Это был сложный вопрос. Корин не знал ответа. Если хагсмир существует, то его отец Клудд сейчас находится именно там, и будет заточен в нем на веки вечные. И если его мать Ни-ра все-таки умерла, то она тоже отправилась в хагсмир. Однако Корин предпочитал не думать о посмертной жизни своих родителей, будто то в хагсмаре или в глауморе. Он хотел, чтобы они просто исчезли, а их души растворились в полном и окончательном небытии.
– Я не знаю, – наконец ответил он.
– А как же глаумора? – настойчиво спросил Стрига.
– Конечно, я в нее верю! Должно же быть место, куда после смерти уходят добрые души, скрумы достойных сов.
– Достойных сов? – моргнул Стрига. – Что это за совы такие?
– Например, наш Хуул, первый король этого дерева, был великой и достойной совой. Но чтобы быть достойным, необязательно быть великим. Да и совой быть тоже необязательно!
Стрига изумленно похлопал глазами:
– Что ты хочешь этим сказать?
– Ну, взять, например, миссис Плитивер.
– Домашняя прислуга? Слепая змея? – с ноткой отвращения переспросил Стрига.
– Да.
– Но она ведь простая служанка! Ее предназначение в том, чтобы делать нашу жизнь проще и роскошнее!
– Это так, но миссис Пи не только прислуга! Она еще талантливая музыкантка и занимает самое почетное место в гильдии арфисток.
– Да-да, – холодно процедил Стрига и больше не прибавил ни слова.
– А кроме этого, она просто очень хорошая. Чувствительная, отзывчивая, добрая, мудрая. Любящая. И так далее.
«Бесполезное скользкое существо, вот кто она такая, – подумал про себя Стрига. – Ее музыка есть такое же излишество, как побрякушки, которые собирает эта отвратительная певица, мадам Плонк!» Однако вслух он ничего этого не сказал.

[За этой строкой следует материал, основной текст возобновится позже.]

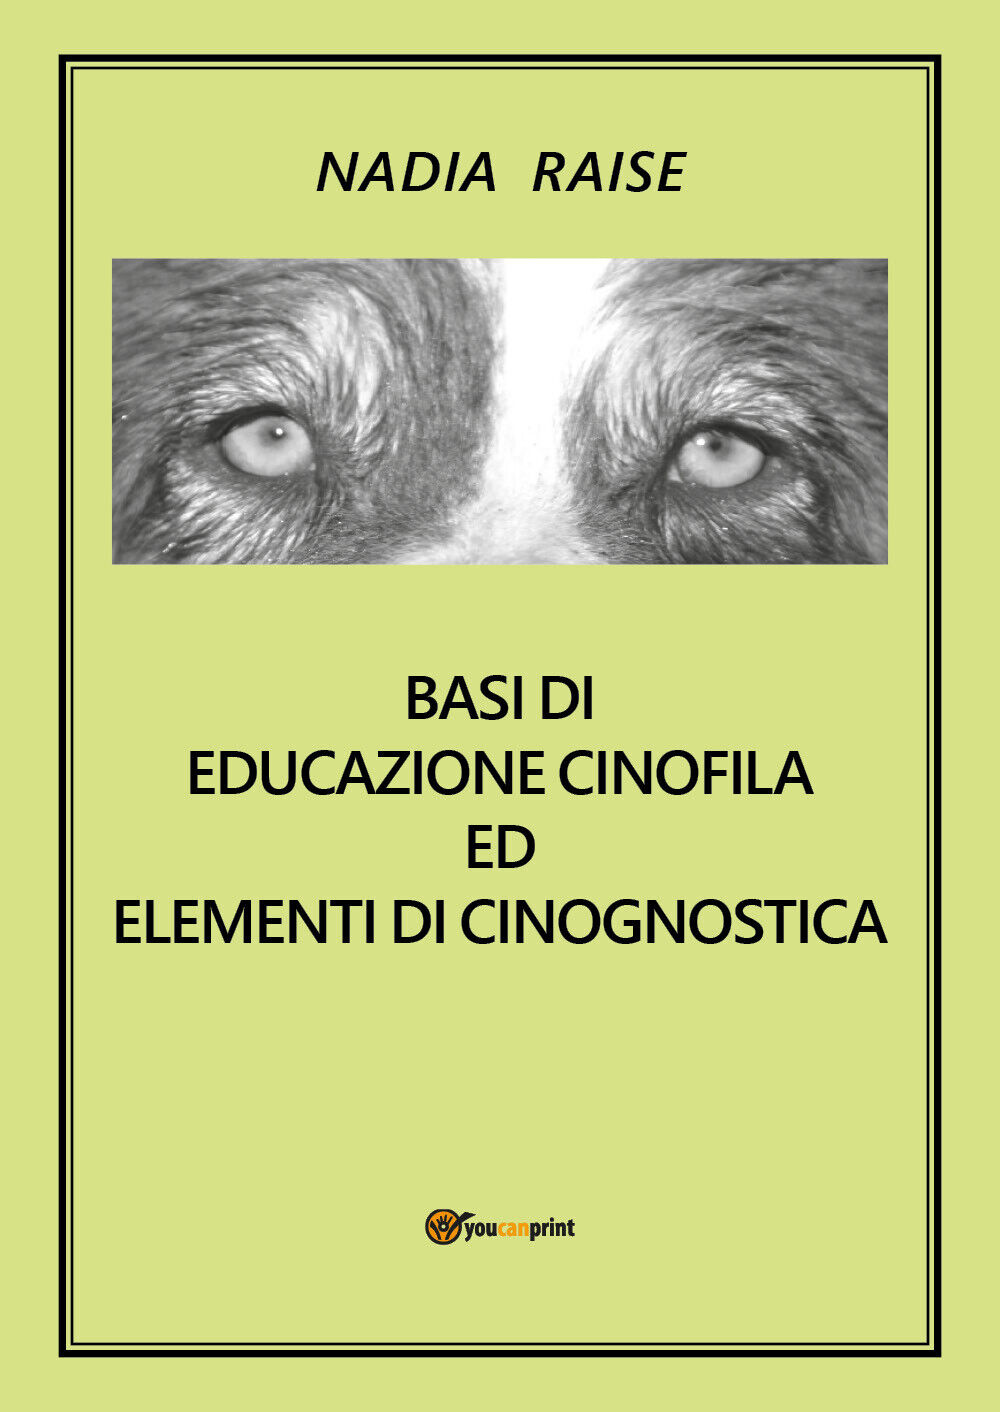 Basi di educazione cinofila ed elementi di cinognostica (Nadia Raise) - ER
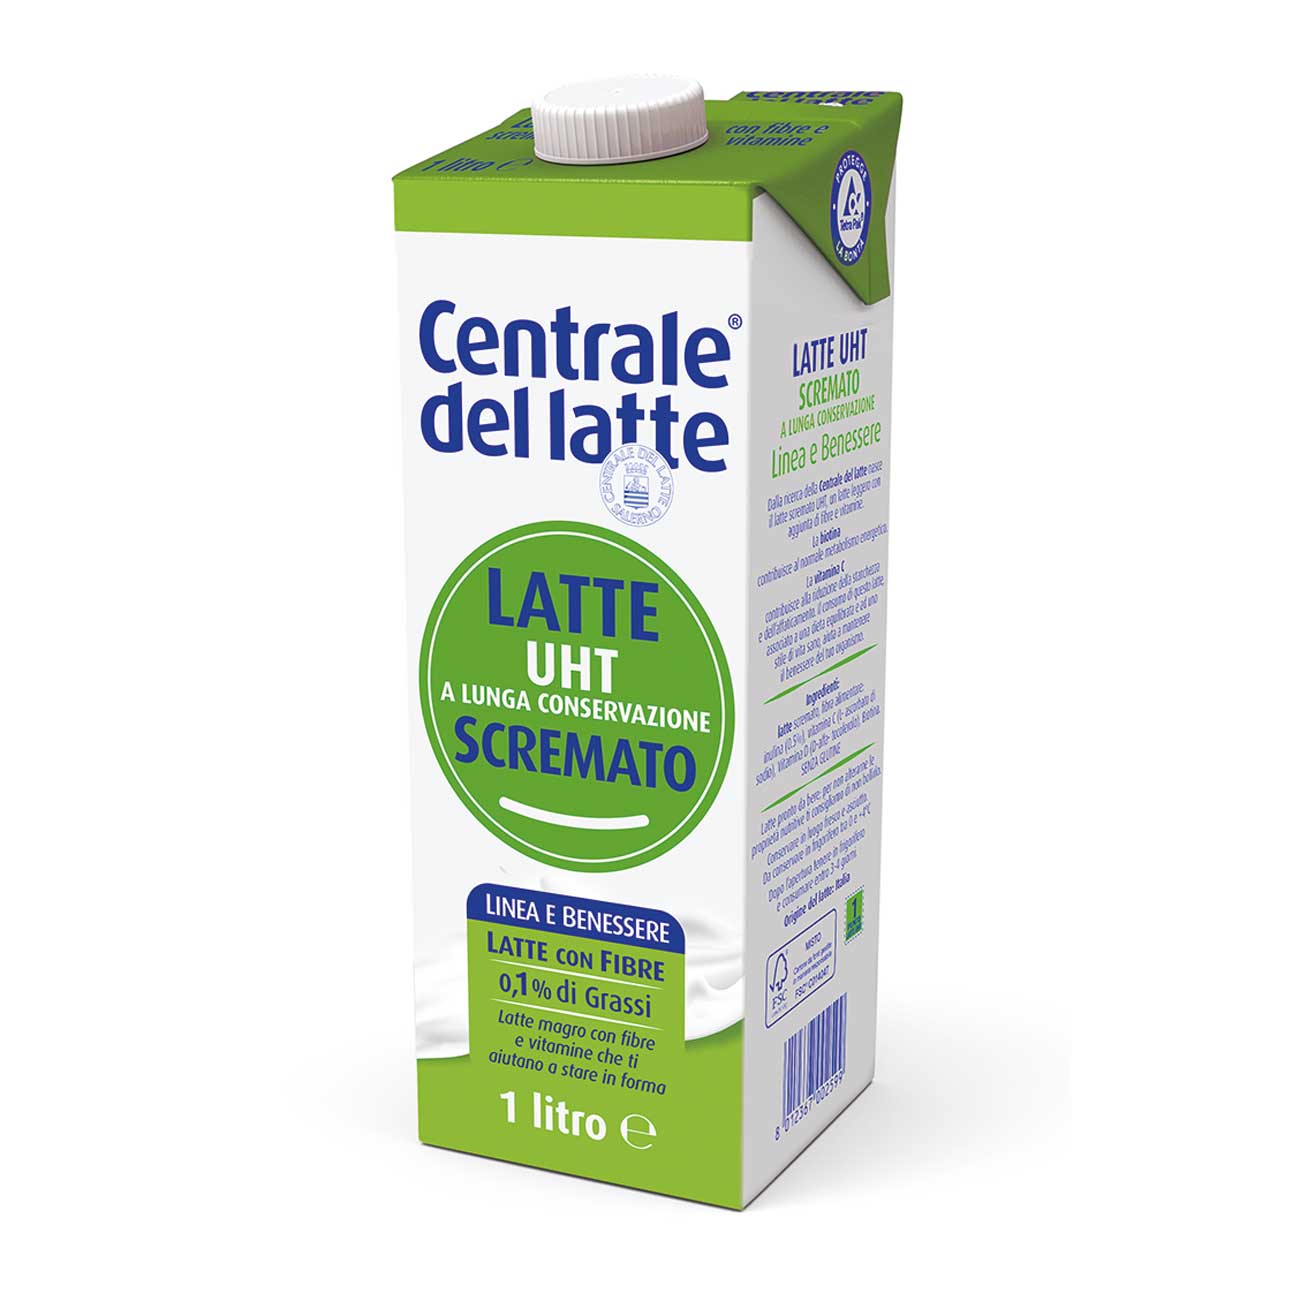 Il latte della centrale Senza lattosio - Centrale del latte - 1 l

Вместо этого он тяжело вздохнул и с самым скорбным видом потупил взор.
– Тебя что-то огорчает, Стрига? – встревожился Корин.
– Разве тебе есть до этого дело? – вздохнула голубая сова.
– Ну, разумеется! Ведь мы все стольким тебе обязаны.
– Ты ничем мне не обязан! Это я обязан поделиться с тобой всем, что знаю и прежде всего своими взглядами на мир, который может подойти – и очень скоро подойдет! – к концу в ночь Великого очищения. Мне открыто это, Корин.
Корин внезапно съежился, став не толще ветки, на которой сидел.
– Не обижайся, но я должен сказать тебе самое главное. Ты сам себе враг, Корин. Самый страшный враг.
– Как это? – пискнул Корин, внезапно почувствовав тошнотворный вихрь в желудке. Он даже испугался, что он сейчас отрыгнет мокрую непереваренную погадку.
– Неужели ты сам не видишь? – вкрадчиво спросил Стрига.
– Что я должен видеть?
– Хагсмир реален, Корин. Мы с тобой оба жили в нем. Мы оба выстояли и выжили в двух разных видах этого хагсмира. Я – во Дворе Дракона, а ты – в каньонах, вместе со своей матерью Нирой. Ты ведь помнишь те времена, Корин?
– Как я могу их забыть?
В то время Корин был юным невинным птенцом, мечтавшим стать таким, каким его хотела видеть мать. Он не догадывался о ее лжи, не видел всей глубины ее маниакальной злобы, не представлял, как далеко она готова зайти. А потом Нира попыталась заставить его убить своего лучшего друга, а когда он отказался, сама убила несчастного Филиппа.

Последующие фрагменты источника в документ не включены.